This invention relates to a method and apparatus for thermally tempering glass sheets which are to be subsequently laminated. In particular, it relates to the problem of heating glass sheets of different thicknesses as part of a tempering process while maintaining their surface contours closely matched for subsequent lamination. The sheets are usually bent to their desired shapes in a separate operation prior to tempering.
The use of tempered or laminated glass is widespread in applications were strength and/or safety are of concern. In certain specialized applications, most typically for aircraft glazing, it is desired to fabricate a glass transparency that is both tempered and laminated. In such a case, it is necessary to temper the glass sheets individually and then laminate two or more together with a layer of plastic between each pair of adjacent glass surfaces. Because the thermal tempering process involves heating the glass sheets to a temperature at which slight changes in the shape of the glass can take place, great care must be taken to insure that a pair of glass sheets to be laminated are subjected to nearly identical temperature conditions during tempering so that the curvatures of their mating surfaces remain in close correspondence. Mismatched surfaces can lead to poor quality laminates. In addition, when curved glass sheets having mismatched surfaces are laminated together, lamination imparts to the mismatched portions stresses likely to cause delamination and even breakage of the laminated transparency during service.
It has now been proposed to laminate together tempered glass sheet of differing thicknesses. But glass sheets of different thicknesses will heat up at different rates under a given set of furnace operating conditions, and therefore their surface contours will tend to diverge from conformity with one another in the tempering process. It is generally not practical, when using conventional massive furnaces used in mass production operations, to alter furnace conditions from one piece to another because of the long time lag usually entailed in altering the furnace conditions.

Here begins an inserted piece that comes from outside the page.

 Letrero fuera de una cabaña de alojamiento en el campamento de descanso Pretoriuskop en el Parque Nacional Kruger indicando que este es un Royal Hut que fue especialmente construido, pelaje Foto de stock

Nor has it been found acceptable to heat thick pieces and thin pieces in separate groups on the same furnace or two different furnaces because of the difficulty of duplicating thermal conditions in two separate furnace campaigns.
Lightweight furnaces have been employed for heating glass sheets in the prior art, such as in U.S. Pat. No. 3,697,243 to Artama and U.S. Pat. No. 3,762,905 to Artama et al., but how such furnaces might be deployed to solve the problem of tempering glass sheets of unequal thickness to be laminated has not been addressed heretofore.

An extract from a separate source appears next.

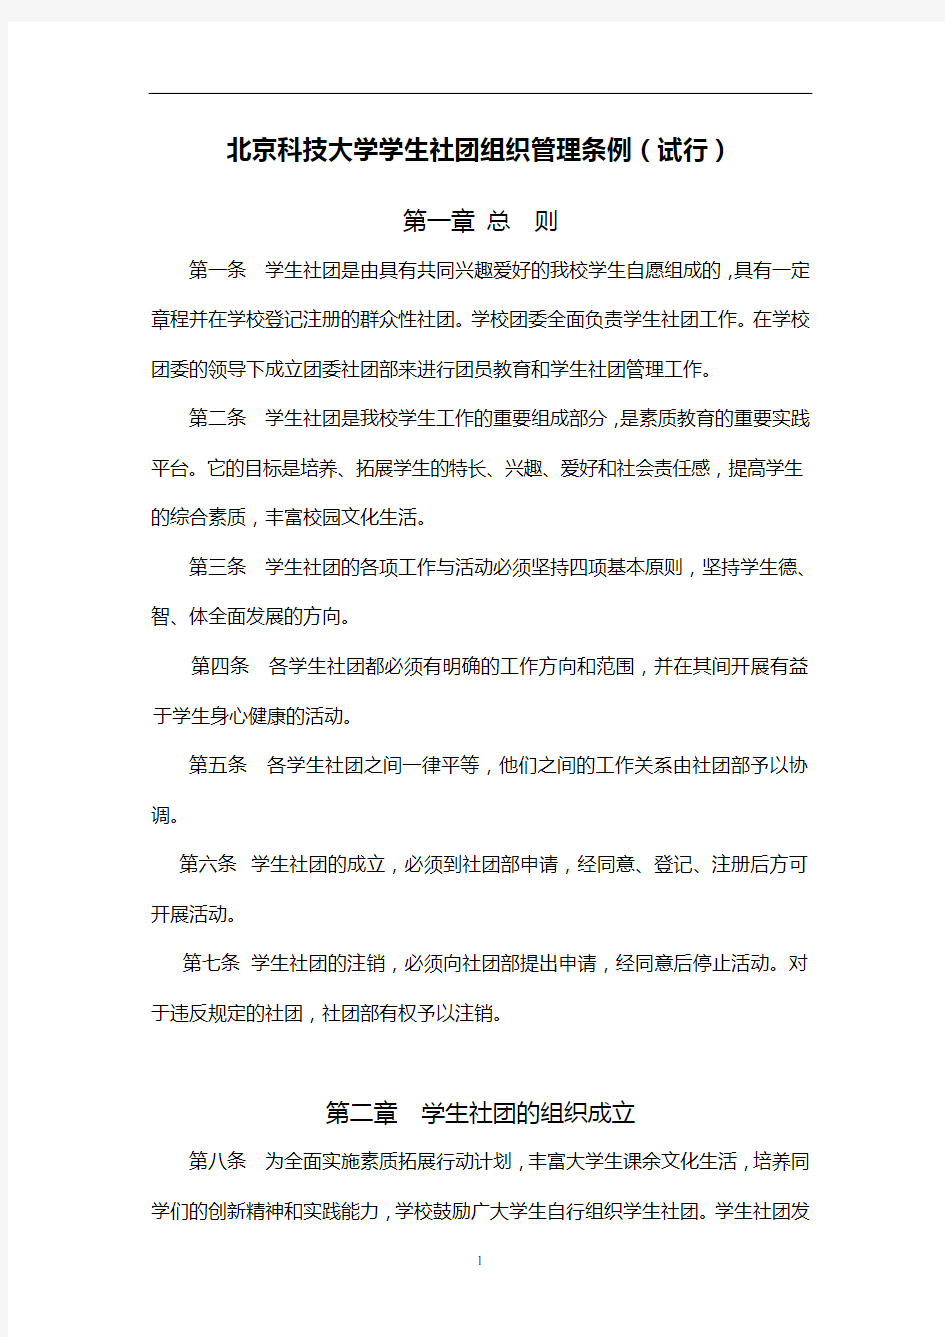 北京科技大学学生社团组织管理条例(试行)

Another substantial body of prior art discloses various glass heating methods involving two stages or more. U.S. Pat. Nos. 3,914,119 and 3,951,634 both disclose methods of reheating glass sheets after bending and prior to tempering, but all the sheets in a given series are of the same thickness and are treated in the same way. U.S. Pat. Nos. 2,198,622; 2,244,113; 3,223,499; 3,406,022; and 3,809,544 disclose various glass heat-treating processes in which the glass articles in each are subjected to different rates of heating at different stages of the process. None deals with the problem of tempering differing thicknesses of glass. U.S. Pat. No. 3,827,872 discloses preheating selected areas of a glass sheet about to be heated and tempered.